Could you print the listing again exactly, omitting the pictures?
(Collected material Opens)
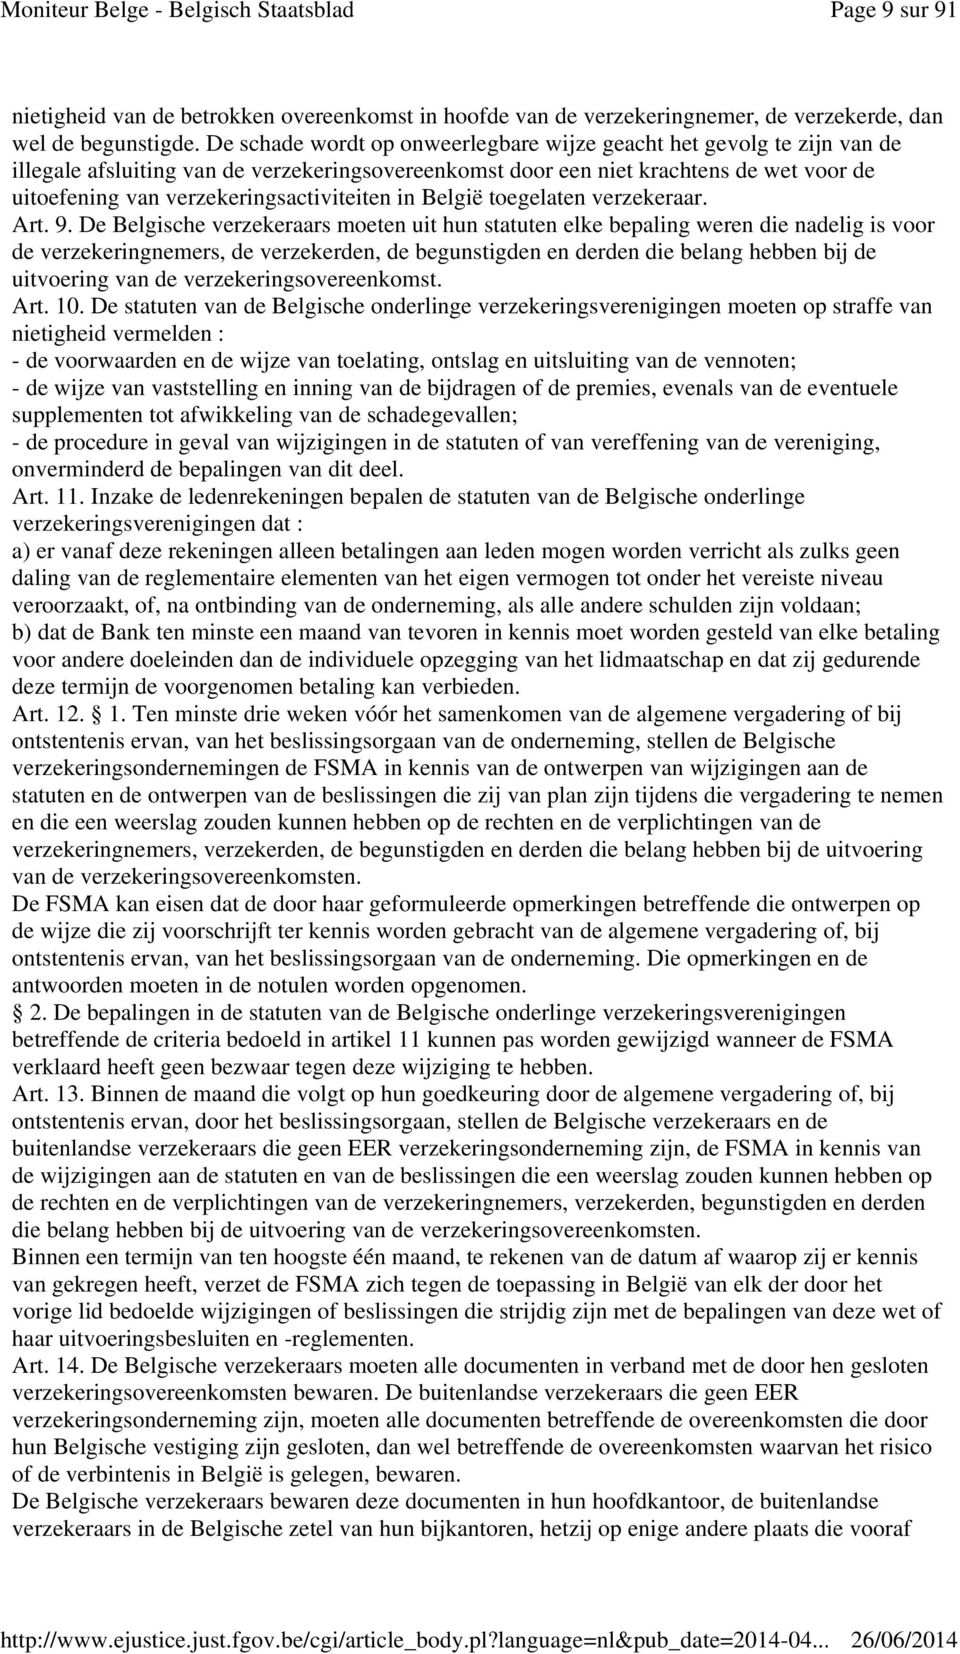 verzekeringsactiviteiten in België toegelaten verzekeraar. Art. 9.
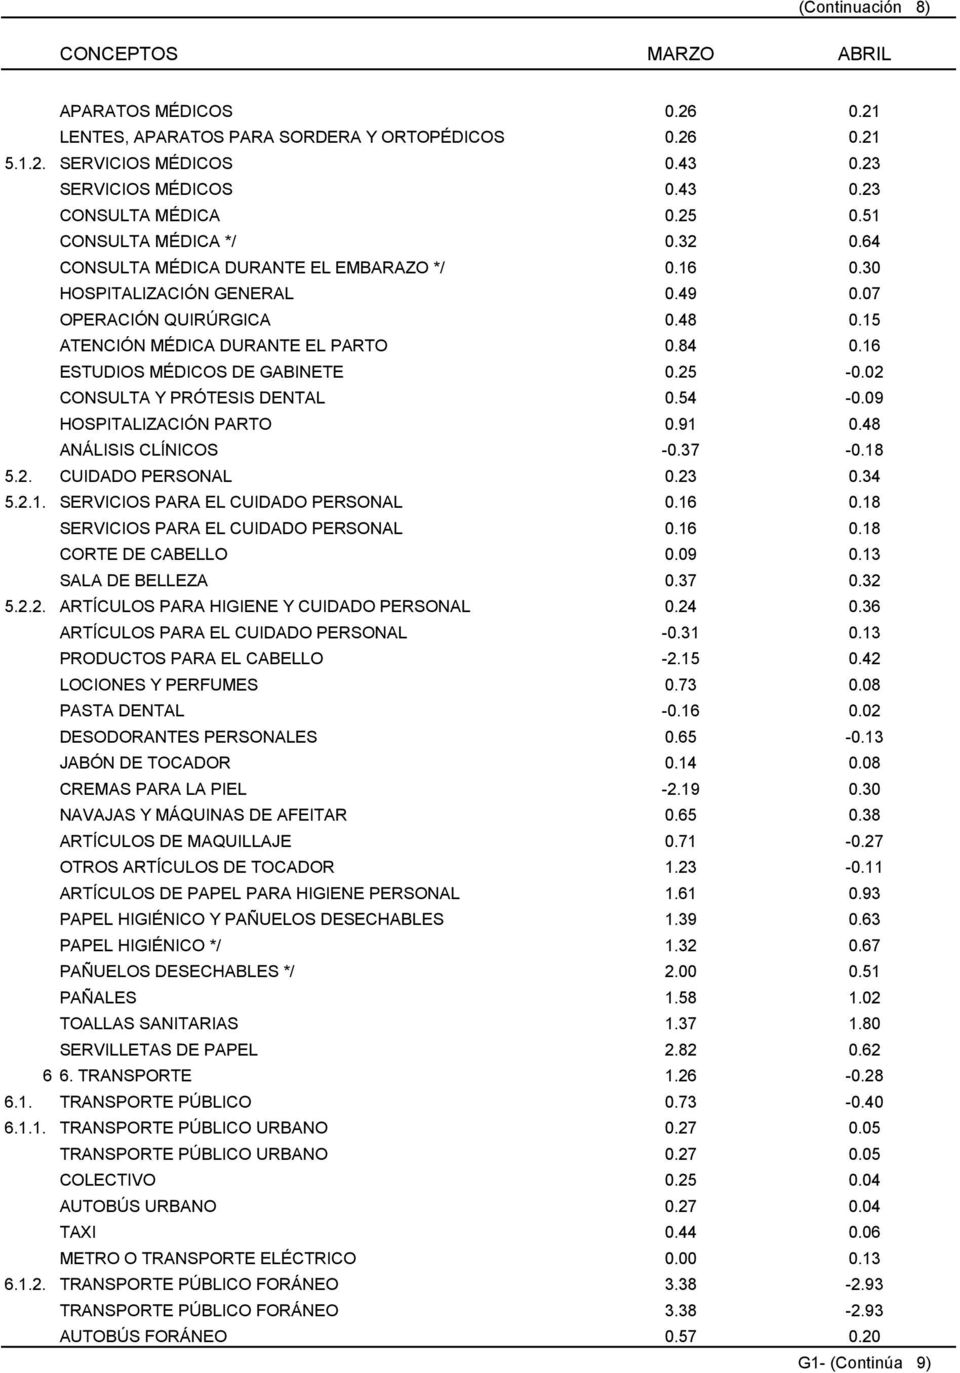 16 ESTUDIOS MÉDICOS DE GABINETE 0.25-0.02 CONSULTA Y PRÓTESIS DENTAL 0.54-0.09 HOSPITALIZACIÓN PARTO 0.91 0.48 ANÁLISIS CLÍNICOS -0.37-0.18 5.2. CUIDADO PERSONAL 0.23 0.34 5.2.1. SERVICIOS PARA EL CUIDADO PERSONAL 0.
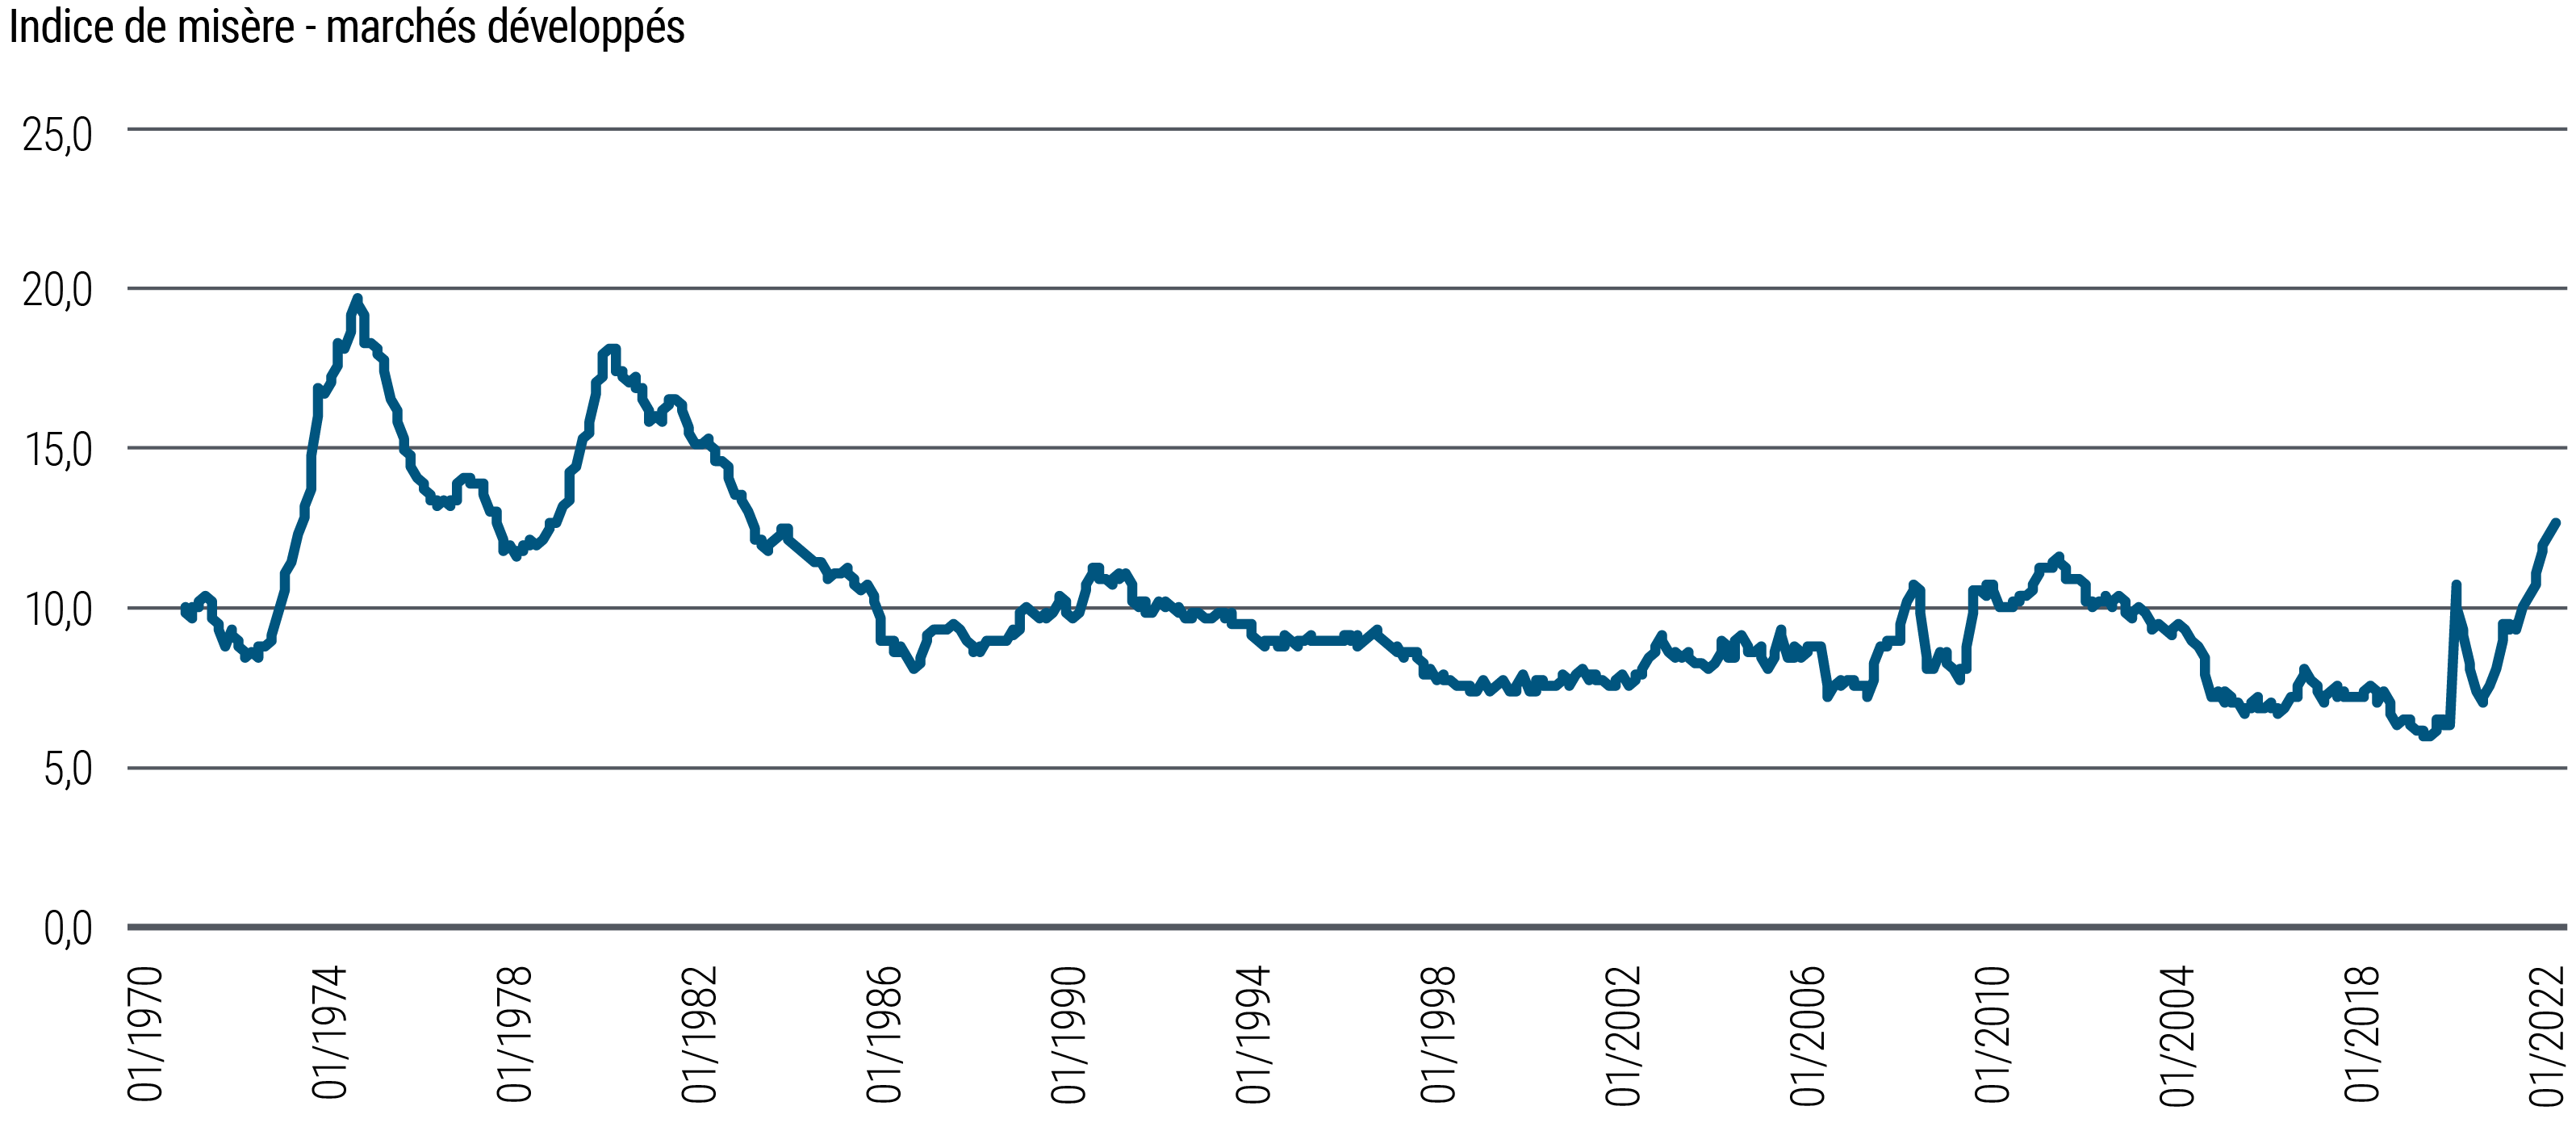 Un graphique linéaire montre l'évolution de l'indice de la misère, qui correspond à la somme des taux d'inflation et de chômage (mesurés individuellement en pourcentage), dans cinq économies développées de janvier 1970 à septembre 2022. Deux pics importants de 20 en 1975 et de 18 en 1982 indiquent des périodes de misère économique significative. À partir du début des années 1980, l'indicateur a suivi une tendance globalement baissière, atteignant un plus bas de 6 en novembre 2019. Il s'est ensuite envolé pour culminer au début de la pandémie de COVID-19 avant de reculer brièvement pour rebondir à nouveau. L'indice de la misère a atteint un niveau proche de 13 au troisième trimestre 2022.
(Collected material Closes)
Written solution:
 verzekeringsactiviteiten in België toegelaten verzekeraar. Art. 9.
 16 ESTUDIOS MÉDICOS DE GABINETE 0.25-0.02 CONSULTA Y PRÓTESIS DENTAL 0.54-0.09 HOSPITALIZACIÓN PARTO 0.91 0.48 ANÁLISIS CLÍNICOS -0.37-0.18 5.2. CUIDADO PERSONAL 0.23 0.34 5.2.1. SERVICIOS PARA EL CUIDADO PERSONAL 0.
 Un graphique linéaire montre l'évolution de l'indice de la misère, qui correspond à la somme des taux d'inflation et de chômage (mesurés individuellement en pourcentage), dans cinq économies développées de janvier 1970 à septembre 2022. Deux pics importants de 20 en 1975 et de 18 en 1982 indiquent des périodes de misère économique significative. À partir du début des années 1980, l'indicateur a suivi une tendance globalement baissière, atteignant un plus bas de 6 en novembre 2019. Il s'est ensuite envolé pour culminer au début de la pandémie de COVID-19 avant de reculer brièvement pour rebondir à nouveau. L'indice de la misère a atteint un niveau proche de 13 au troisième trimestre 2022.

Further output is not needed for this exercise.